We’ve adapted to the feedback from Beta Readers.

Chapter one was rewritten, scenes amended and some deleted.

We’ve had a developmental edit recommend changes – again most of these we’ve incorporated.

Polish polish polish… rinse and repeat.

At some point, now that I’ve firmly taken the decision to self-publish, I’m going to have to do just that.

Its not poor reviews, or indeed any negative reactions that I fear, it’s the NOT offering the very absolute most polished version of this tale to the world that worries me so…

If I fall flat on my face, then so be it, but let it not be due to poor preparation and presentation.

Titivate, titivate.

At what point do I have to just let go?

Statistics tell us that a debut novel (self-published) will sell between 100 – 250 copies.

If I continue with third party assistance (editing/formatting/cover) I will need to sell 400 to break even.

The odds are NOT in my favour.

Bugger.

Bugger, bugger, bugger.

Procrastination is indeed killing me.

Amy Grace: Payne WILL hit the world April 2026.

I will pay for a cover – it was always the plan; copy edit as best I can and then set Amy free into the big, crowded world of KDP published novels.

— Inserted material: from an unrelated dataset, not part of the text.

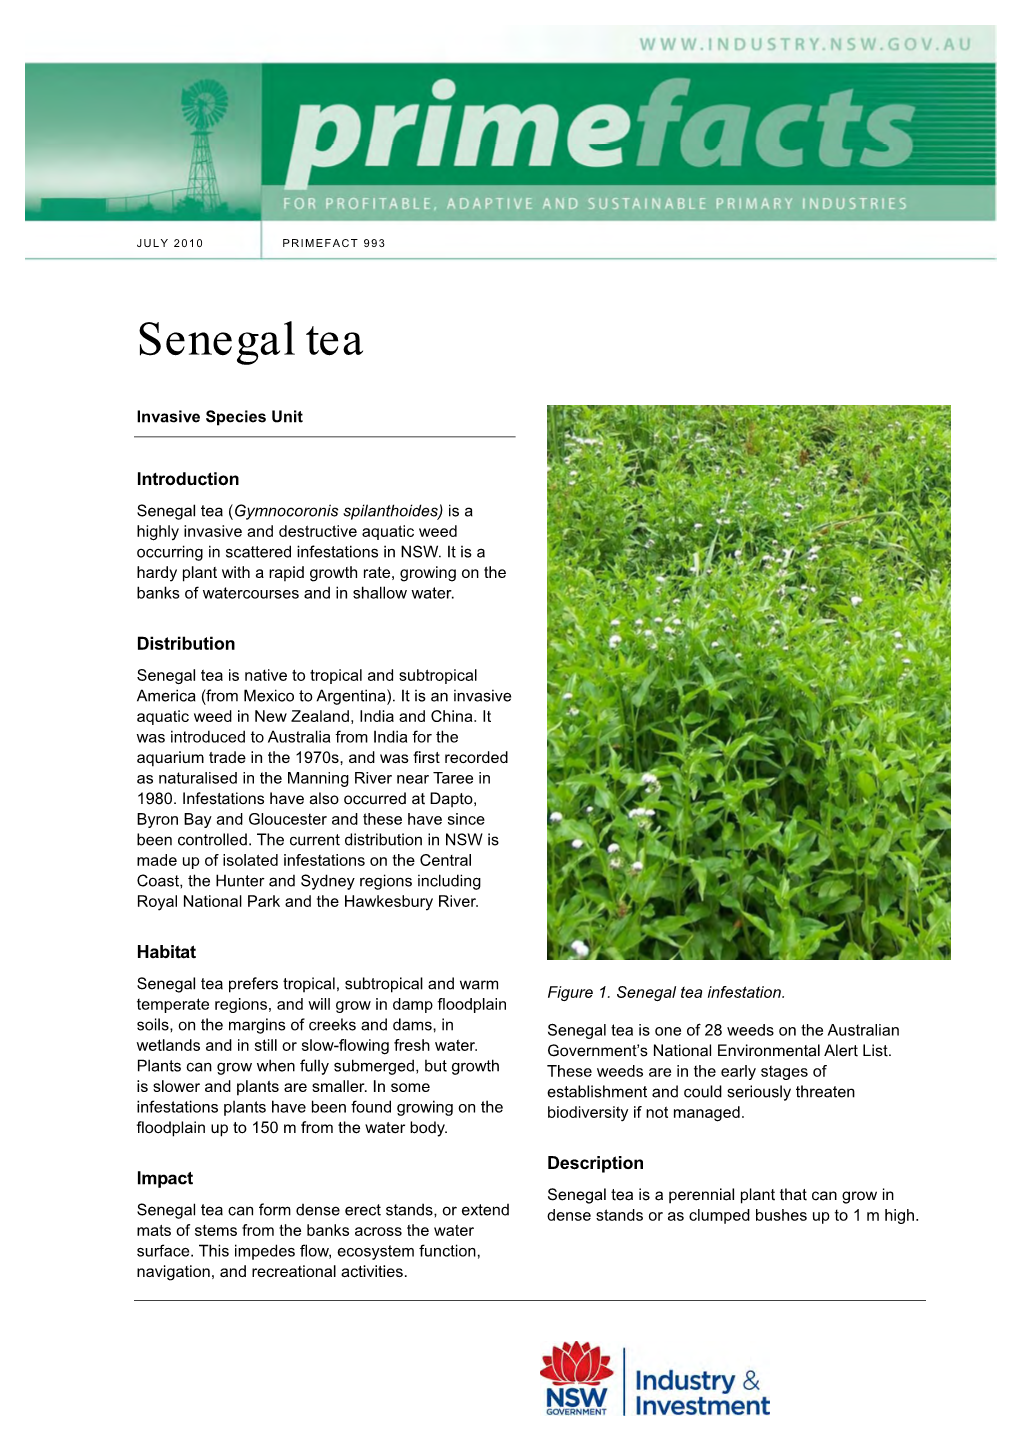 Senegal Tea Plant – Gymnocoronis Spilanthoides Local Control Authorities in NSW Have Achieved Weed Management Guide

Maybe she’ll thrive, maybe the world wants to read the tale of a flawed heroine, who gets knocked down, but rises back to her feat every time.

Stay safe, hug those you love.

22 Pages

It sounds like it should be the title to a noir thriller, but it’s not. 

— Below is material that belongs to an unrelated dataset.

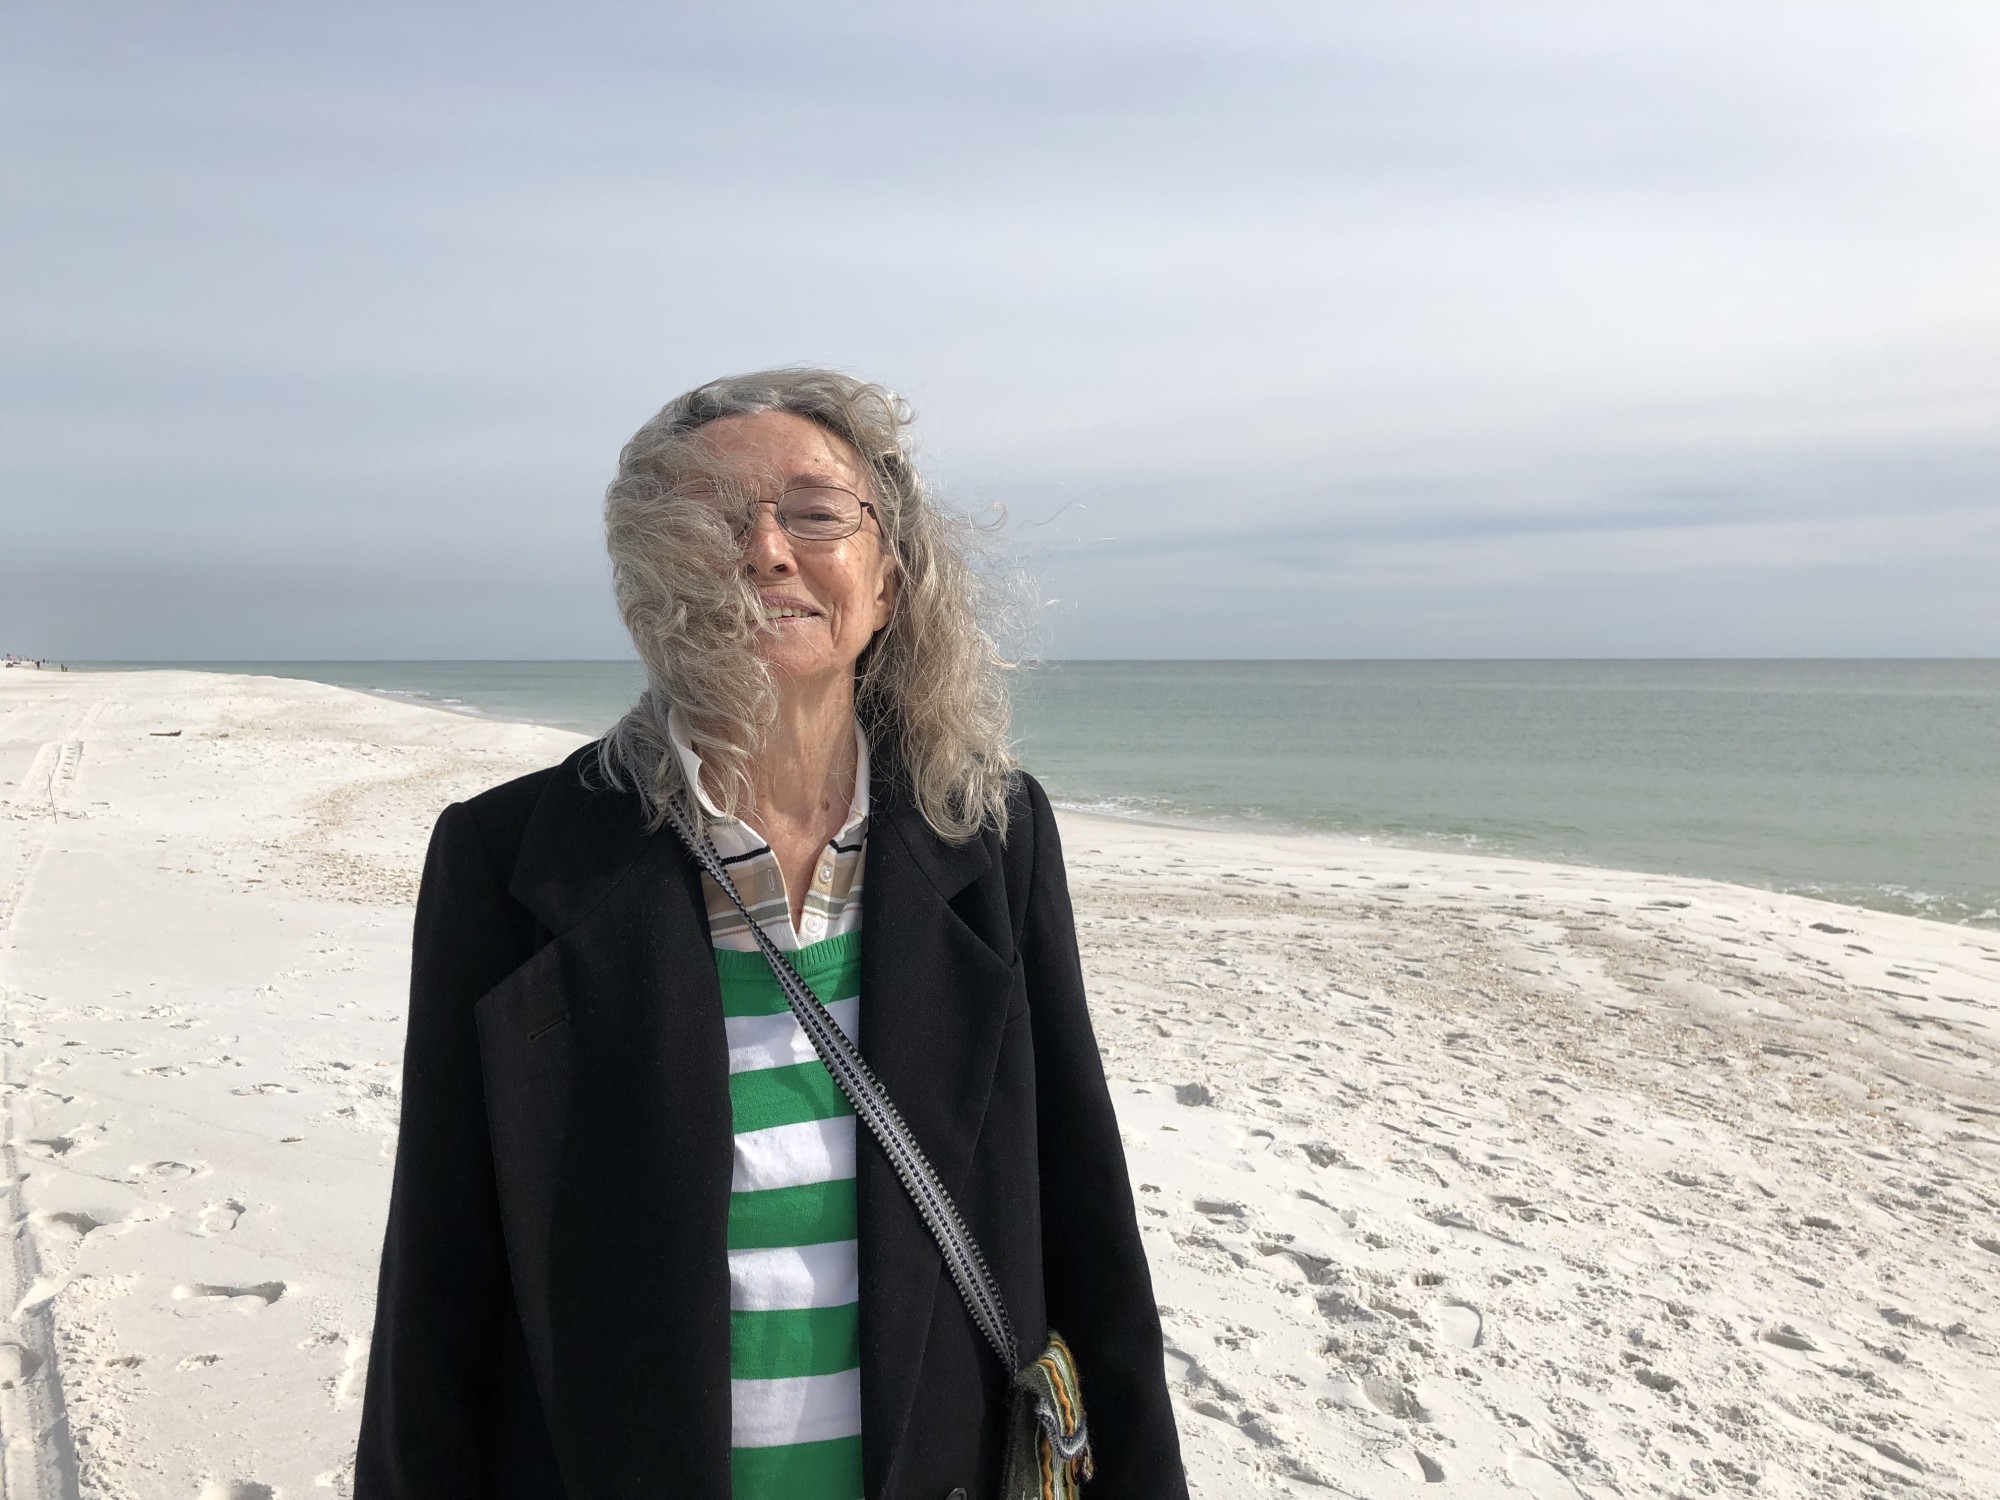 Poet is standing on a wide, white sand beach with blue/green ocean close-beside to her left and as horizon behind her.  Sea breeze blowing poet's hair forward and partially covering her face.  Poet is wearing a black winter coat over a light sweater with wide horizontal green stripes. A small, colorful cloth and woven Peruvian bag is slung over her right shoulder and across her torso.  Poet is slightly squinting from hair and sun and smiling.  A sky layered of blues and paler washes of blues and way-subtle pinks spread and fill the space above the water.

In this case we are referring to the developmental edit for my book “Amy Grace: Payne”, twenty-two pages of notes, observations, suggestions and support.

Like all writers my book has been through the Beta Reader stage more times than you can shake a stick, and to be fair to all involved the feedback has been honest – supportive, at times critical, but always helpful.

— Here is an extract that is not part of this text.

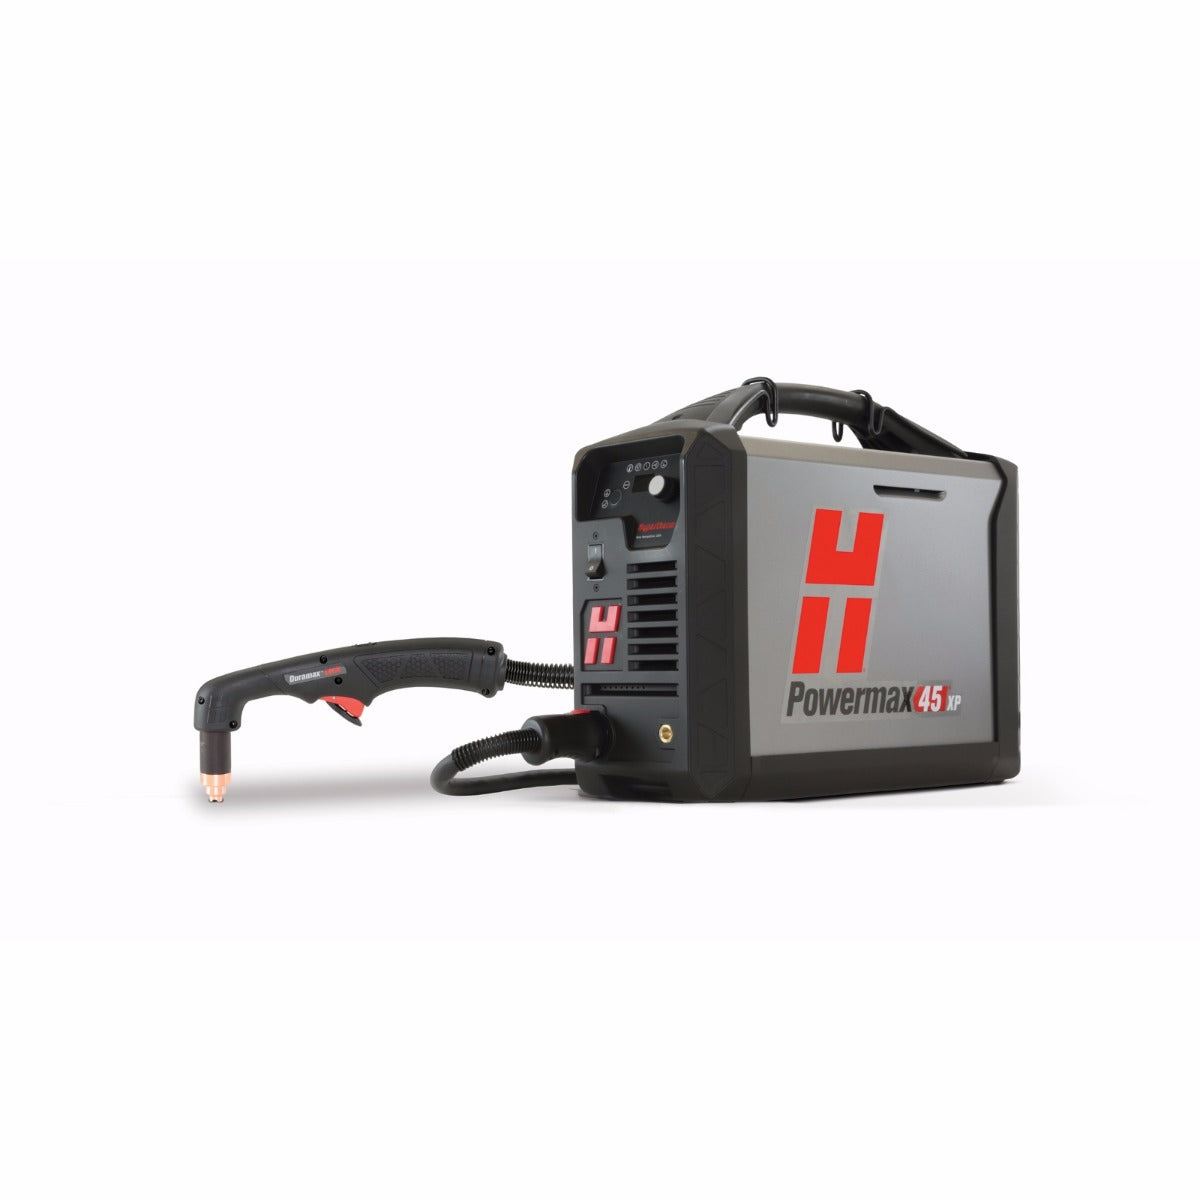 Hypertherm Powermax45 XP Plasma Cutter with 50ft Hand Torch (088114)

The opening chapter has been completely rewritten. 

It was a near universal comment that it just didn’t hit the right note.  Not the subject matter, but the scenario that preceded it. 

Big boy pants, rewrite – success.

Of all the parts of the book, chapter one ‘Arrival’ was the one that has been fussed over the most. 

To be fair, the balance of 130,000 words stands or indeed falls on the first 1800.

Time and place, main character, inciting incident – hook to keep them reading – that’s a lot of pressure for 10-pages to deliver.  But they do.  Indeed, they do. 

My concession to the reader has been the insertion of 430 words to explain historic context and Celtic folklore – hopefully this will aid and not deter the reader.

Scenes have been deleted in their entirety – where I’d used cruelty to indeed illustrate cruelty, I’ve now pulled back, toned it down – such passages now only to be available in the inevitable ‘collectors edition’ (LOL).

I’ve chopped a few linking scenes, trimmed back any hint of repetition and now hopefully the new version reads smoother for the reader.

I struggle with dialogue, not because I dislike it, but because (IMHO) there is a danger that it slows down the narrative and becomes unnecessary art house indulgent distraction. 

So, in places summaries of the discussion are mentioned and not verbatim copies written. 

Maybe it works, hopefully it works…

I have two main characters – Protagonist Amy Grace & Antagonist Thomas Payne. 

At certain points they are both going in the same direction (the book is a chase movie) and I switch between them as the plot proceeds.

A critique given is that switching POV could confuse the reader – and on that one I am still deliberating.

If one is happy, the other sad, switching POV in the same chapter I hope illustrates the difference. 

One is partying, the other drowning in despair… 

As stated, I’m still looking as to how I can ride both horses – compare and contrast AND keep the POV singular. 

It is taking me longer than I anticipated, but the notes as provided were what was needed. 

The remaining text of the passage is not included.